1. Nunca (NUNCA) hablés mal del poema que te acabo de decir que considero hermoso. Por ejemplo, si me acerco y te leo en voz alta un poema de Cohen, no se te ocurra contestarme que

a) lo leí mal
b) parece que lo hubiera escrito un huiteco
c) odias a Cohen (eso me lo podrías decir después y no me molestaría)

2. No me mandés mensajes de texto sólo con consonantes. Por algo existen las vocales. Sé que son magníficos los usos que se le pueden dar a una tilde, pero comprendo que ese es un nivel más alto, digamos, un extra.

3. Lo siento, ser lector es un requisito inalienable.

4. No me van a gustar, aunque te gusten a vos: "la negra Tomasa", "gracias a la vida", "el unicornio azul". Cuando esté muy de buenas puedo tolerar: "El breve espacio". Y bueno, salir a bailar no es mi idea de una buena salida.

5. Cuando esté de malas o manejando, no me digás que me calme.

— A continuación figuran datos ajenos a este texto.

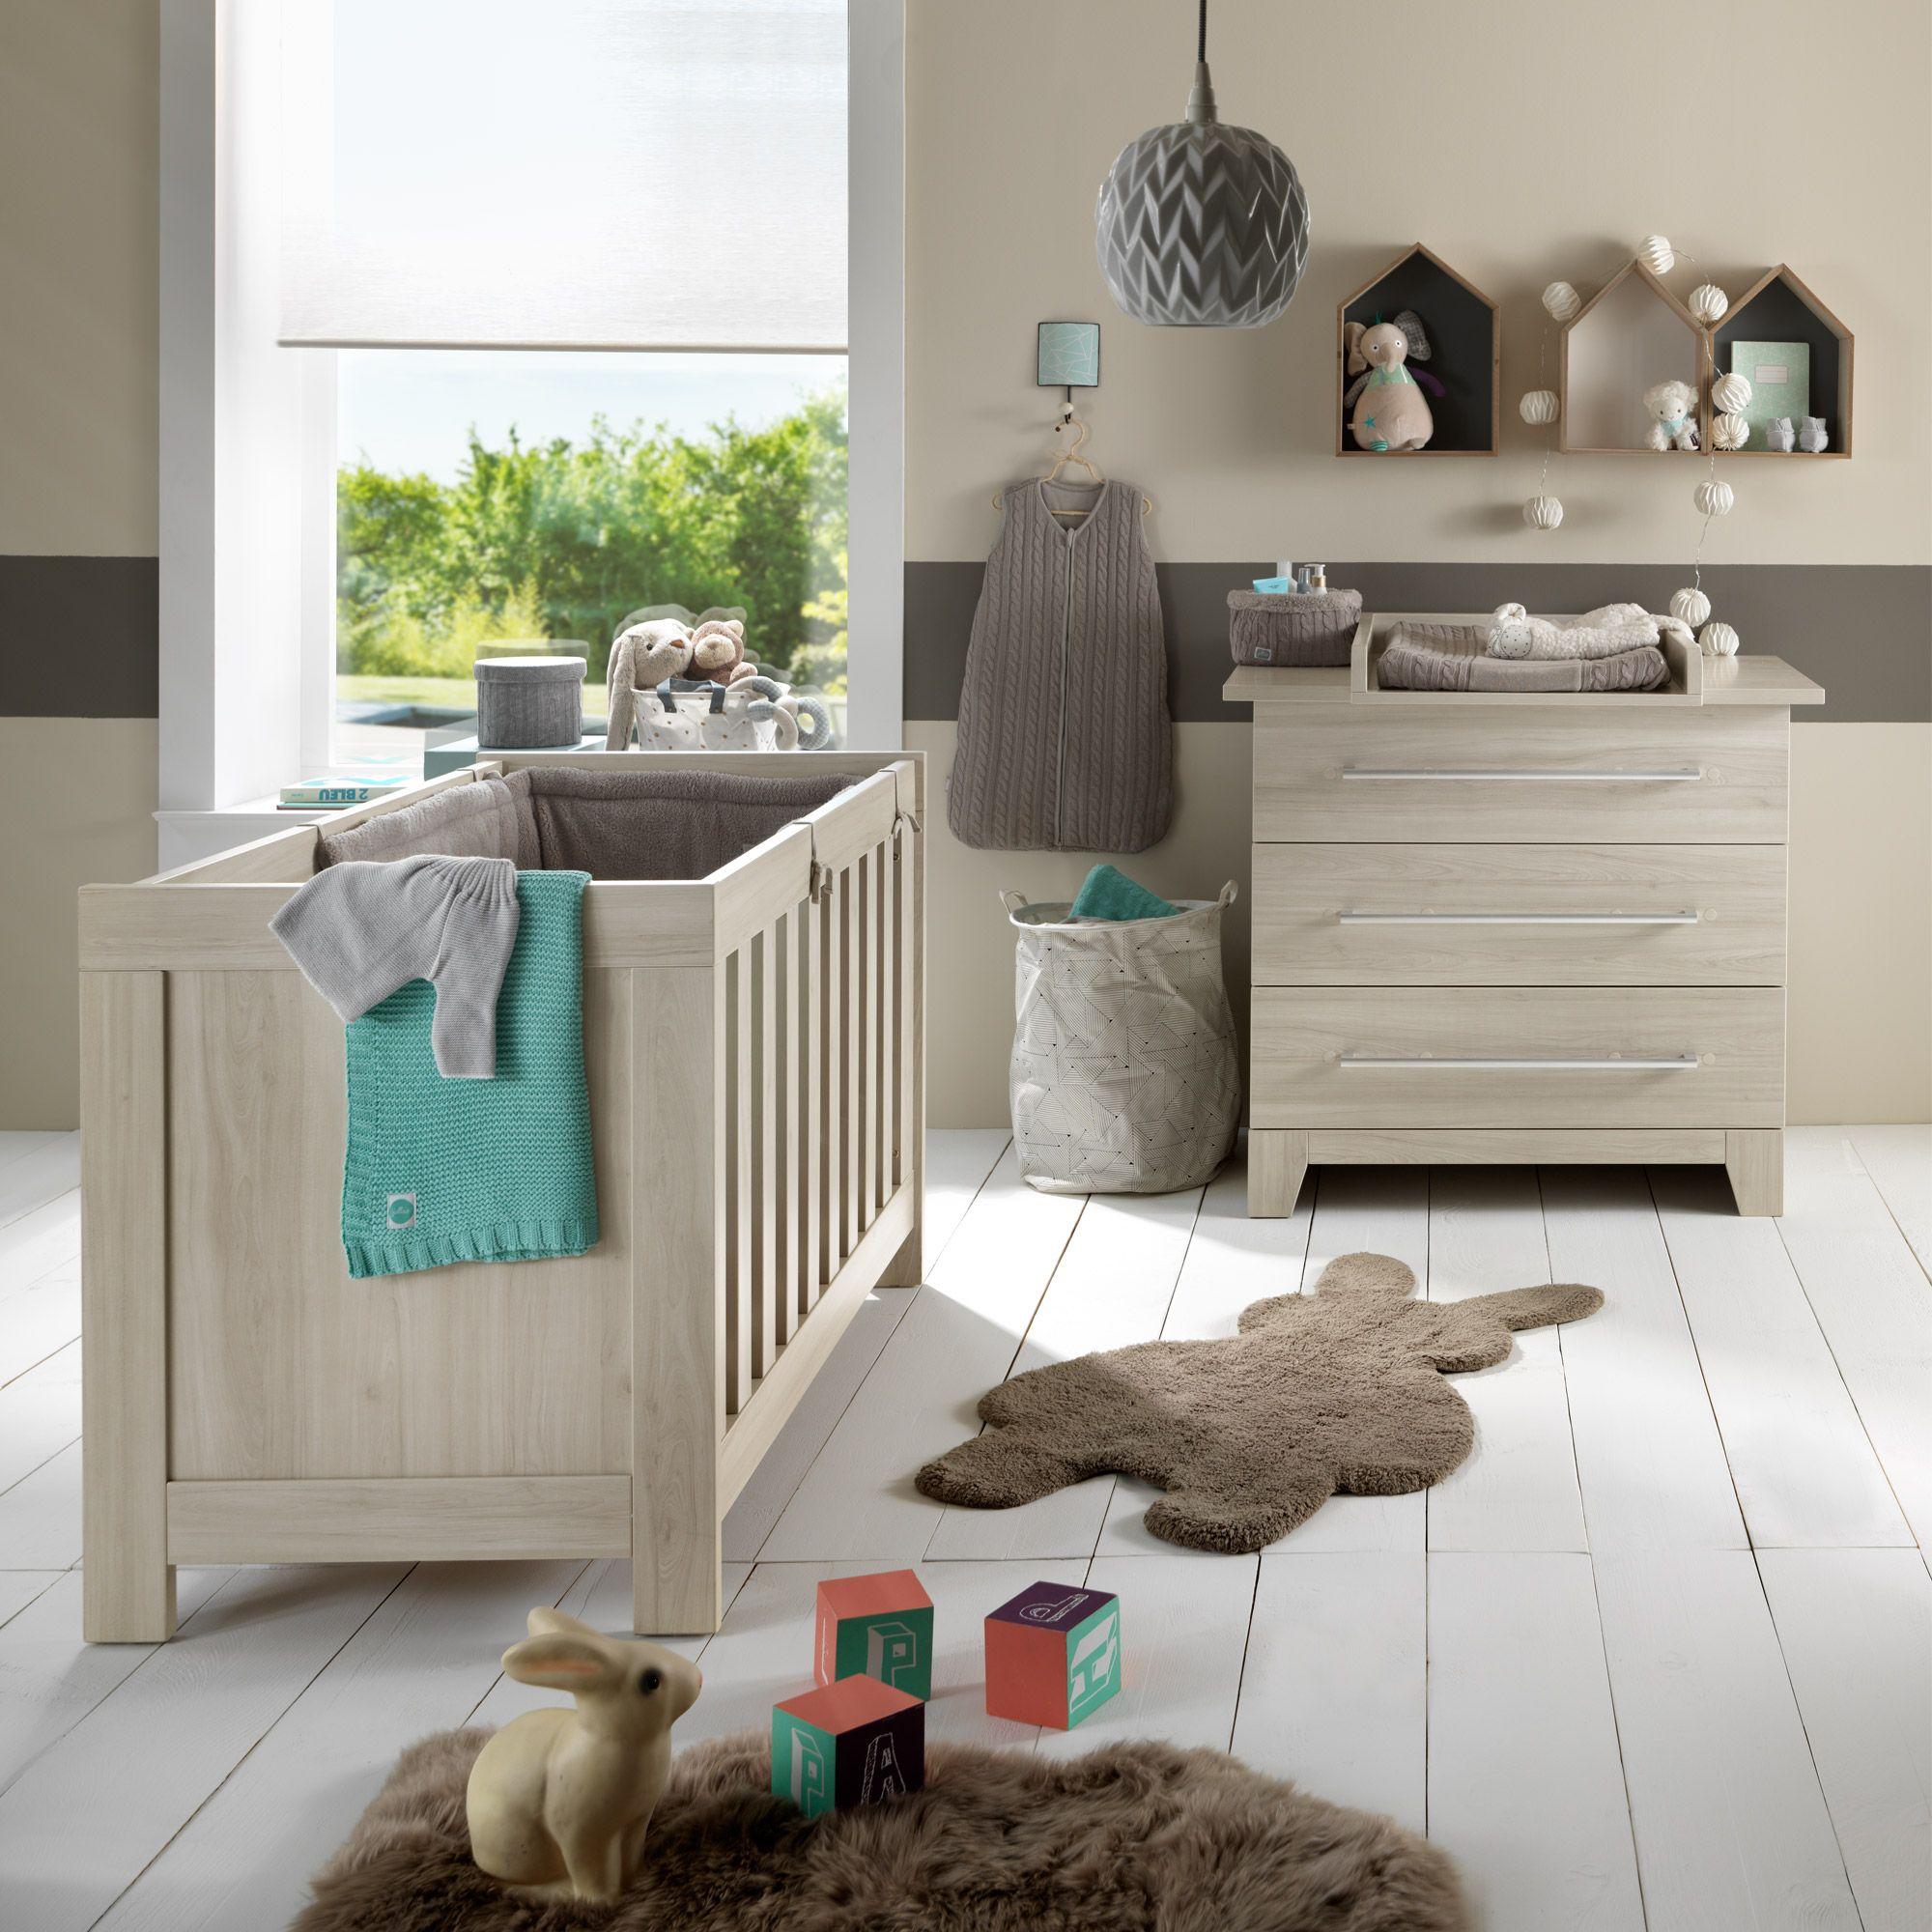 Chambre London, Chambres contemporaines : Aubert | Chambre de bébé ...

De ahí en adelante todo puede funcionar. Aunque no me guste la música, los libros, películas y comida que te gustan, y viceversa.

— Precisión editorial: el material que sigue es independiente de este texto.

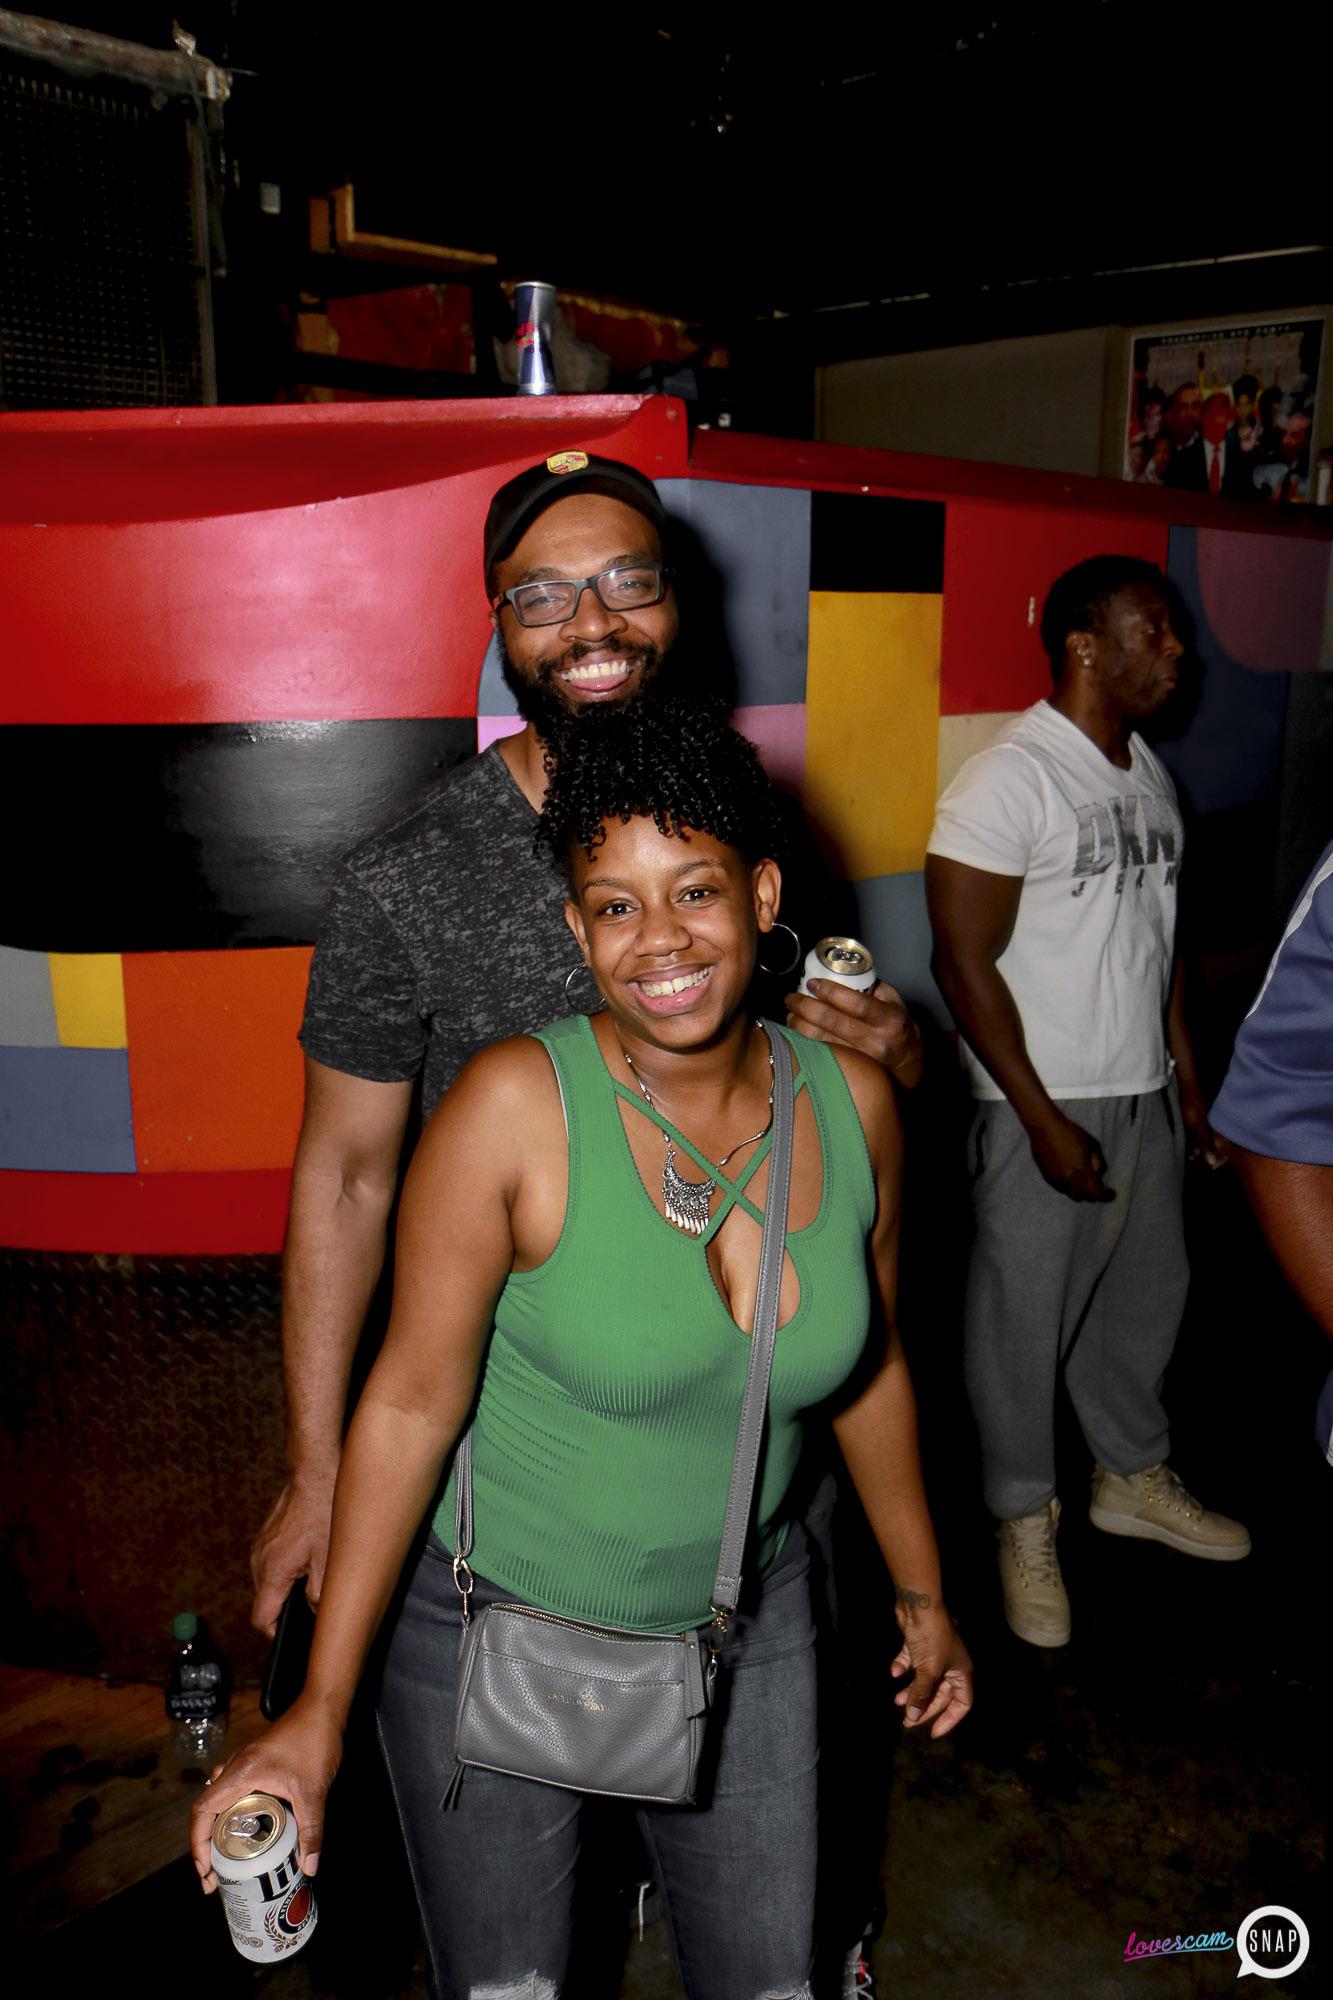 Lovescam-07.20.19-104.jpg

  • Si me pusiera a llorar cuando nado, mis lentes se llenarían de lágrimas y mis ojos se ahogarían en llanto, literalmente.
  • Hay un nivel en el que Kate Winslet y Keira Knightley son intercambiables para mí. No hablo de todas sus películas, de todas sus fotos, ni siquiera de su forma de actuar. El punto es que me resulta muy fácil confundirlas.
  • Amo a Macanudo
  • El sábado mi amigo el Ratón de la maldad me dio a leer un poema de Bukowski y recordé dos cosas. 1. Amo a Bukowski y lo que escribe. 2. Tengo que leer más a Hemingway.
  • Hoy es lunes, pronto llegará el martes y así se irán estos días en que no te encuentro.
  • Tengo varios días sin soñar gran cosa, es decir, sin recordar lo que sueño. Anoche soñé con una oficina y un lío con un escritorio. Fue un sueño demasiado caótico como para contarlo, no tendría sentido.

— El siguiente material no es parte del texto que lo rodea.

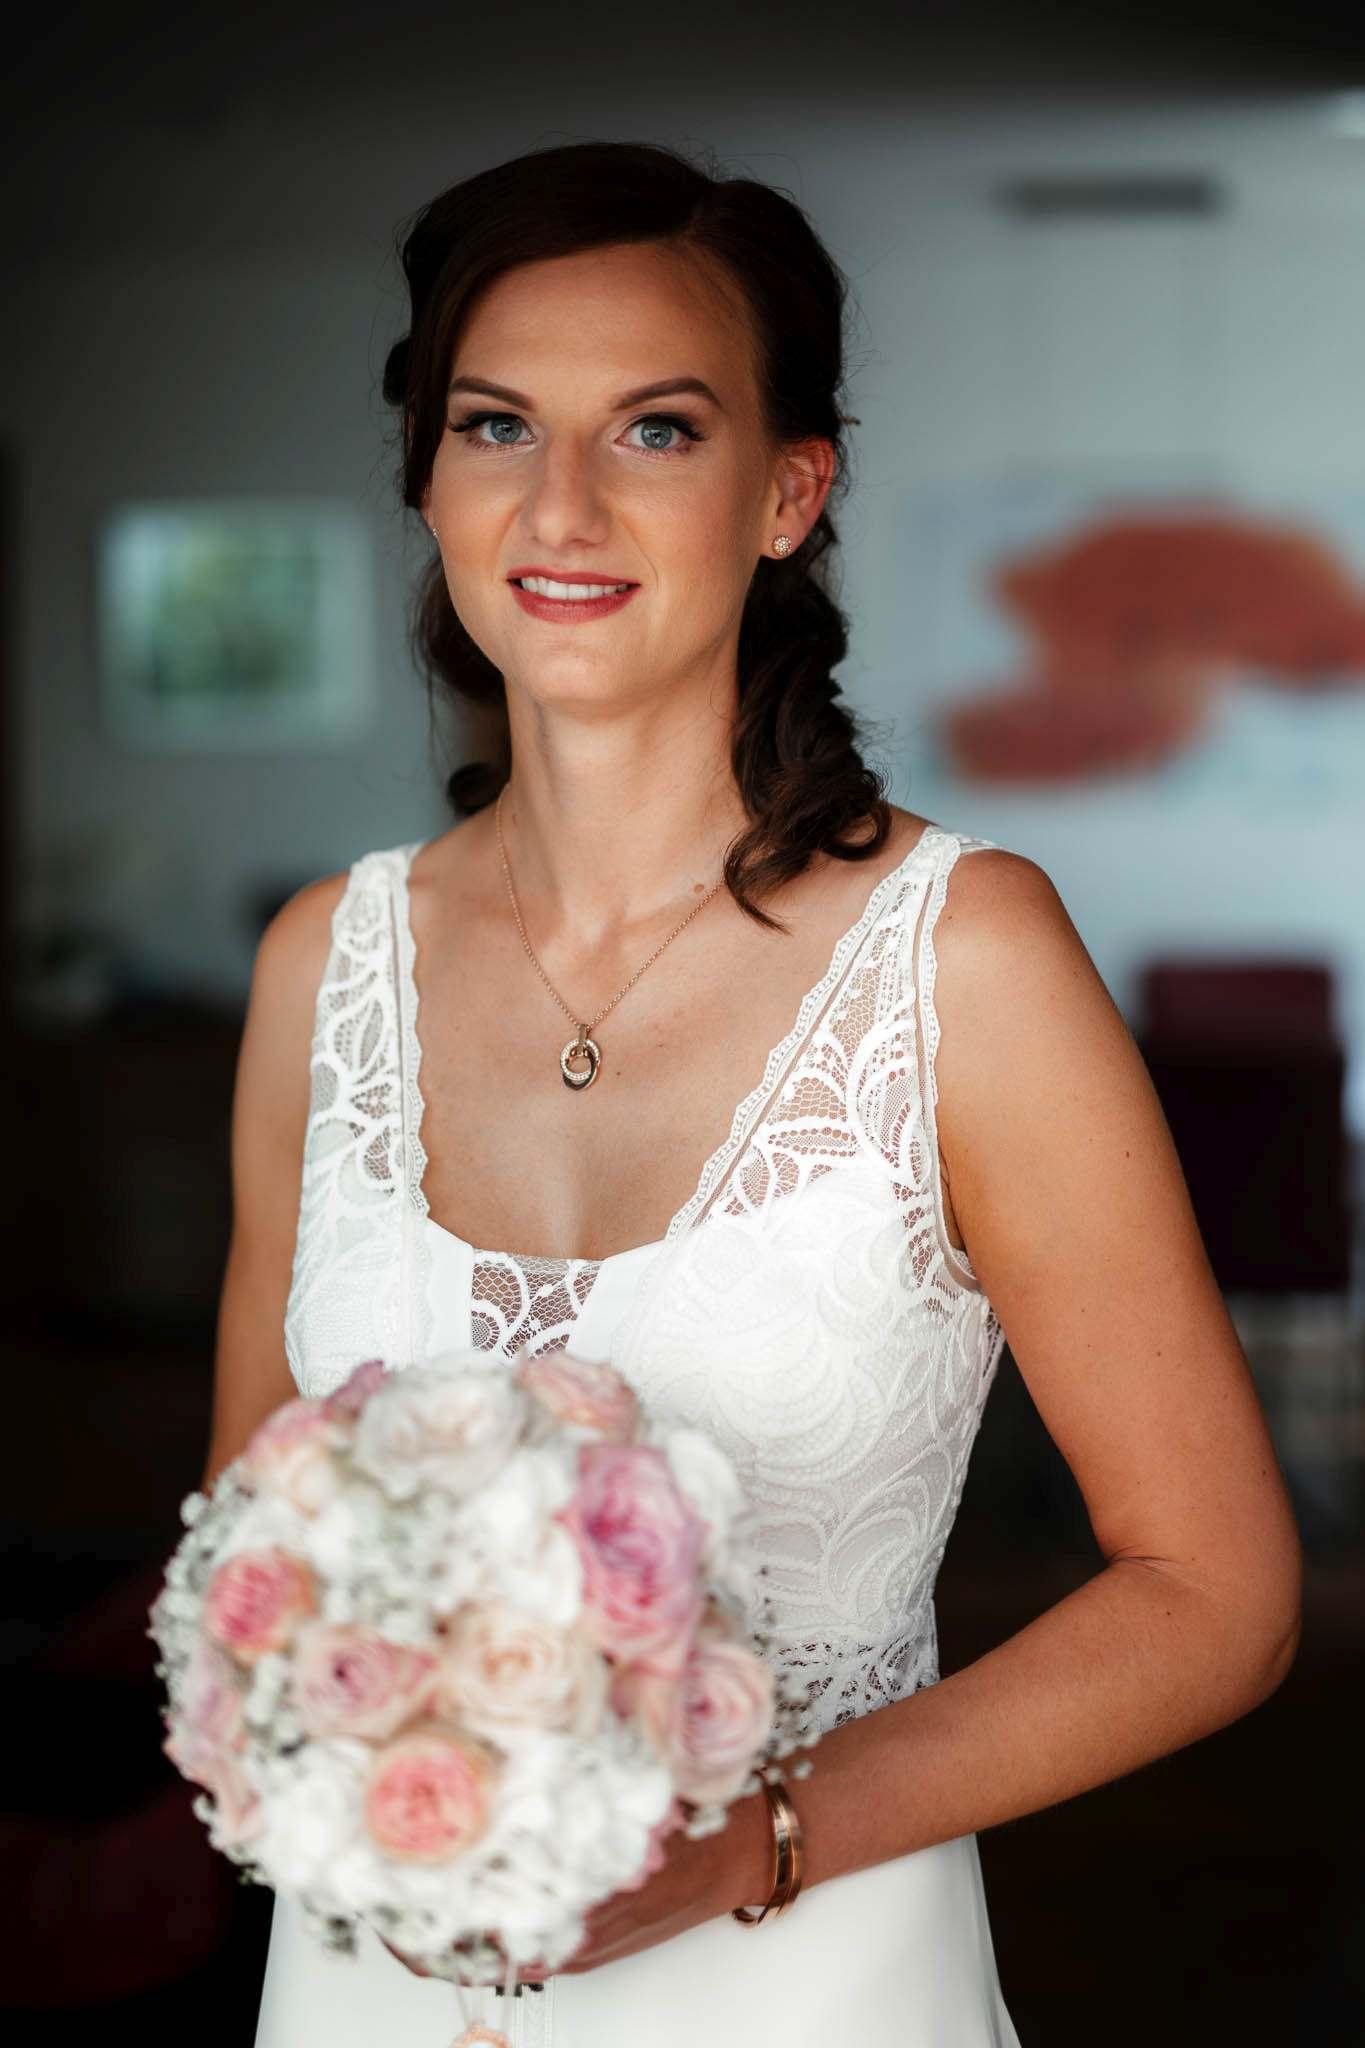 Als Hochzeitsfotograf im Weingut Junghof Undenheim: Hochzeit von Tamara und Martin 21

Si esto fuera una de esas metáforas del camino, seguramente yo estaría sentada sobre una piedra viendo cómo pasa la vida. Quizás tendría en mis manos un poco de tiempo para reflexionar y llegaría a ciertas conclusiones peligrosas sobre el amor, el olvido y otros pequeños enredos cotidianos. Con un poco de suerte sonaría una música suave al fondo y no tendría frío. Encontraría las palabras exactas para decirte lo que siento y vos te tomarías dos segundos para oírme y decirme que todo estará bien. Sin embargo, estoy en una oficina donde pega de lleno el sol a esta hora de la tarde y tengo mucho por leer como para estar pensando en vos y en todo lo que no te cuento.